Little did Bonnell know that this work would lead to a “big book” decades later.
Bonnell worked with Ethier for two summers gathering research and 25 years later they reconnected through a mutual friend. When he was assistant deputy minister of forests, he asked her if she could write a government report that later turned into a book.
Five years later, Bonnell’s book Stewards of Splendor: A History of Wildlife and People in British Columbia has been officially released.
Back when the book was only a twinkle in Bonnell’s eyes, Ethier was looking for a history of wildlife work in the province that would document government efforts, but be much more expansive. He was looking to have something written that would consider the work of groups like Ducks Unlimited, the Nature Conservancy, naturalist groups, land trusts and other organizations. He wanted a piece of B.C. wildlife history written so he could use it as an onboarding for the new staff, according to Bonnell.
Initially, Ethier wanted a 90-page report, but Bonnell couldn’t write such a large piece of history with only 90 pages.

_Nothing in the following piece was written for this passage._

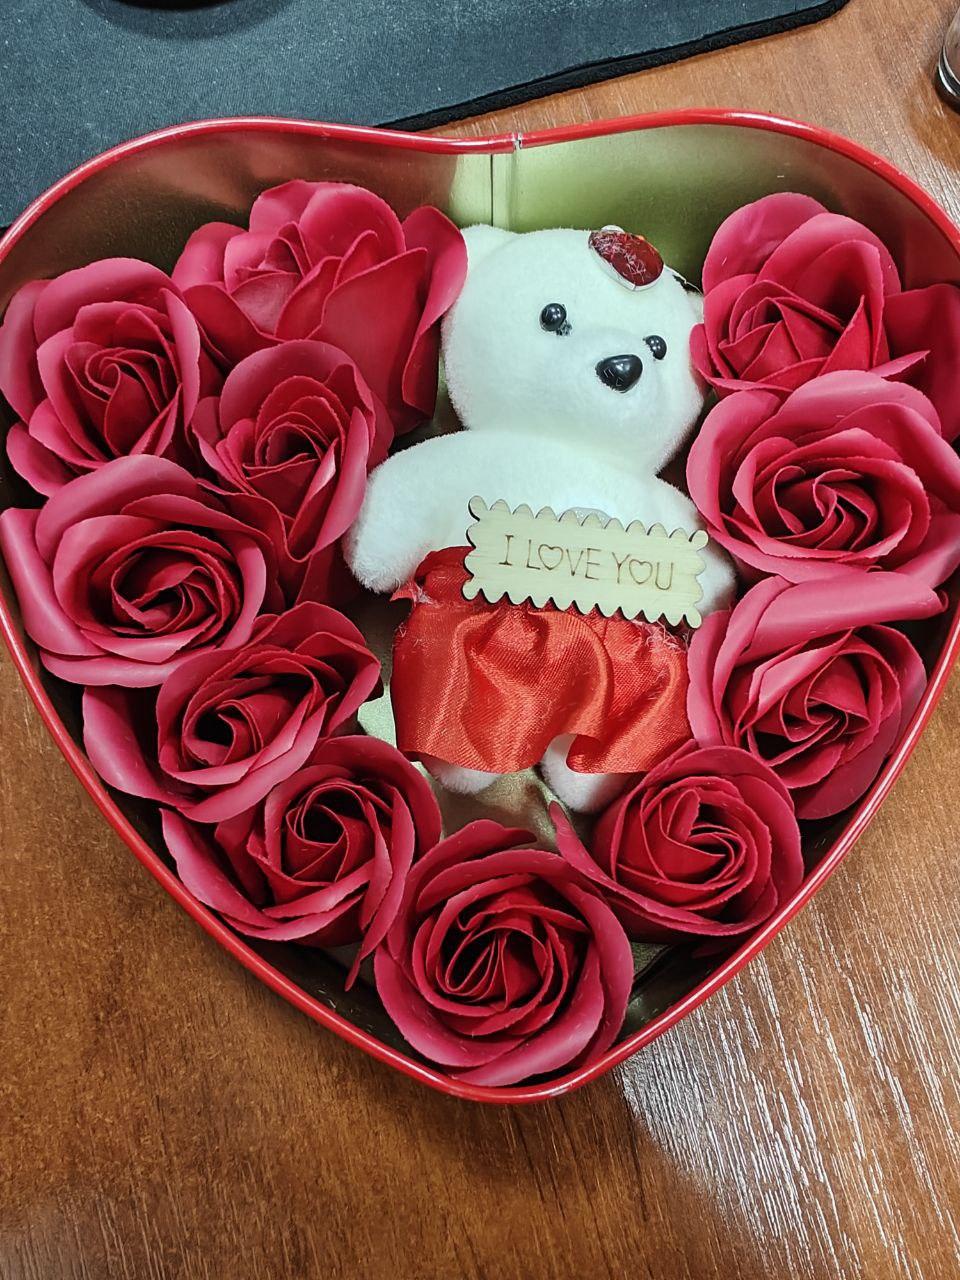 Подарунок коханій дівчині набір коробка у формі серця з мильними квітками 3 трояндами 1 ведмедик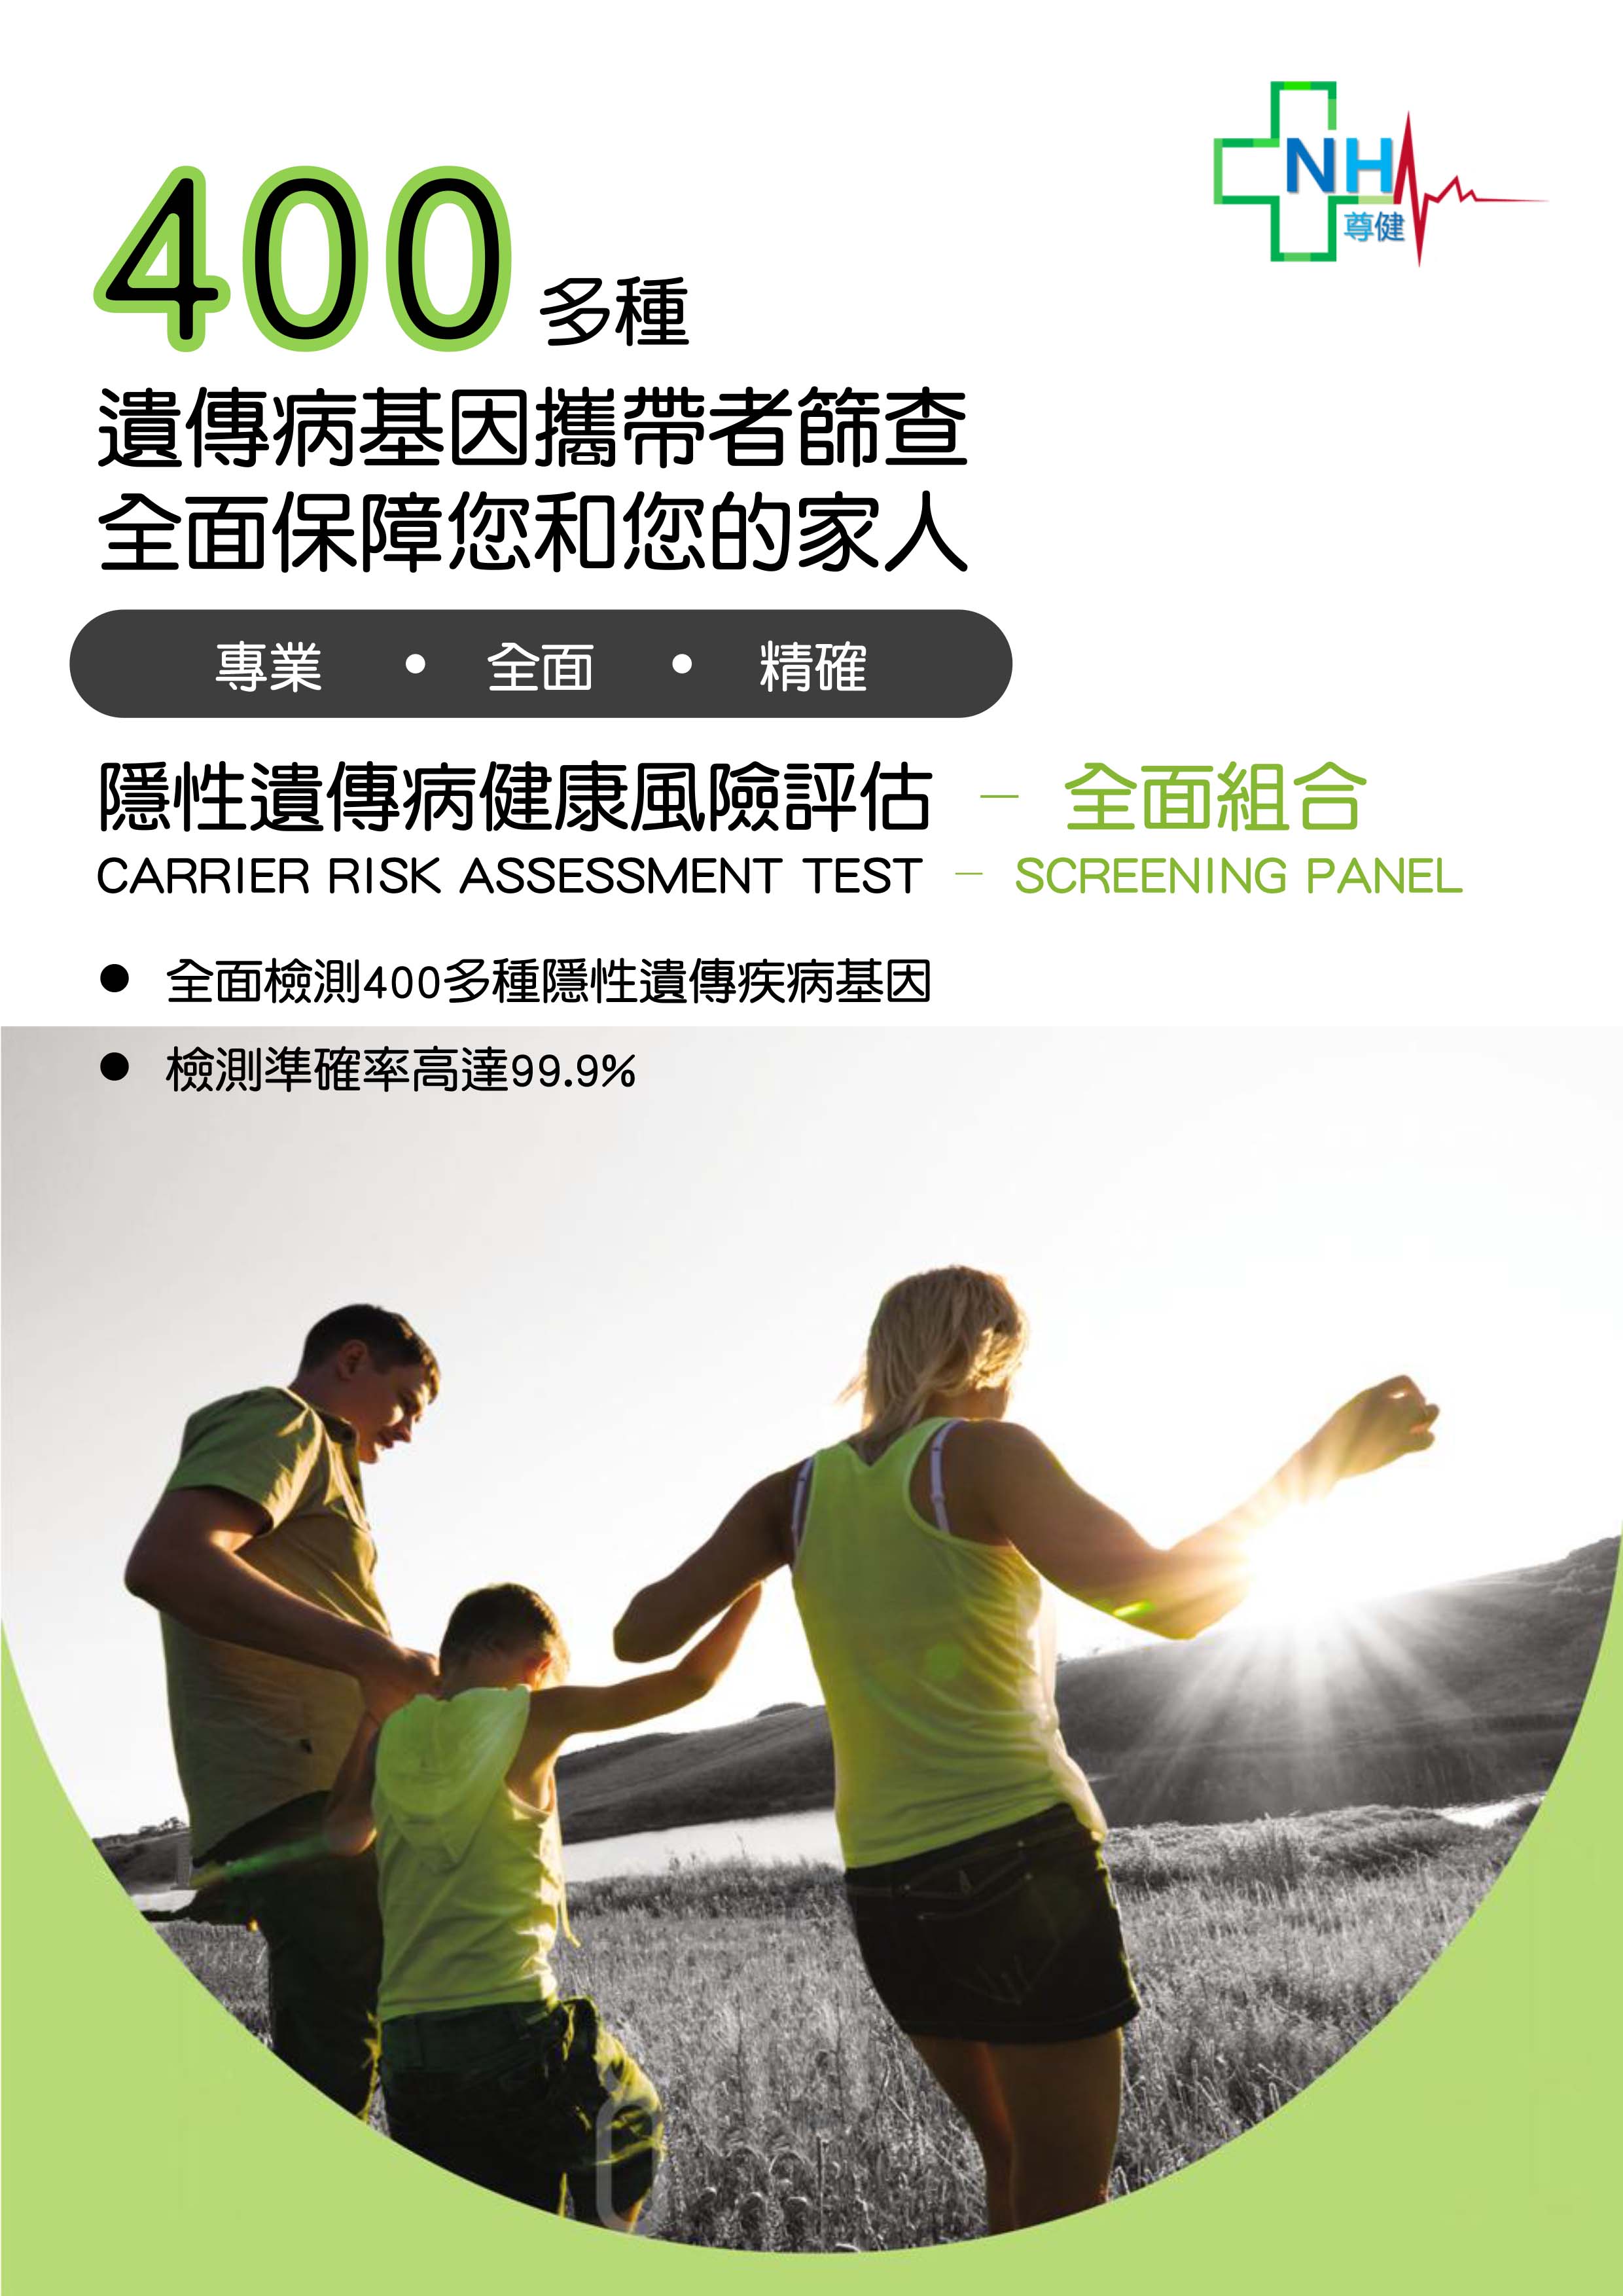 carrier-risk-assessment-test-screening-panel-1.jpg

“Once I started getting onto the research, I did about 80 interviews for this project and reviewed a lot of historical and scientific source materials,” the author said.
Bonnell asked Ethier: “Are you OK if I turn this into a book?” Ethier was supportive of the larger project, hence kick-starting it as a book.
“The book is really about the history of people’s relationship with wildlife over 250 years in B.C. history,” said Bonnell. “So it begins with the period before 1774, the period of Indigenous history and the history of wildlife conservation by Indigenous groups. So efforts not only to conserve wildlife but to enhance wildlife population for subsistence use, and then it carries on through to the present. So it’s a big book.”
When Bonnell isn’t writing, she teaches Canadian and environmental history at York University in Toronto. Although she presently resides in Ontario’s capital, the author grew up on the West Coast. She was raised in Duncan on Vancouver Island and didn’t leave B.C. until she was 30 to do her PhD. She always thought she’d return to B.C., but she met her partner and ended up settling down in Toronto.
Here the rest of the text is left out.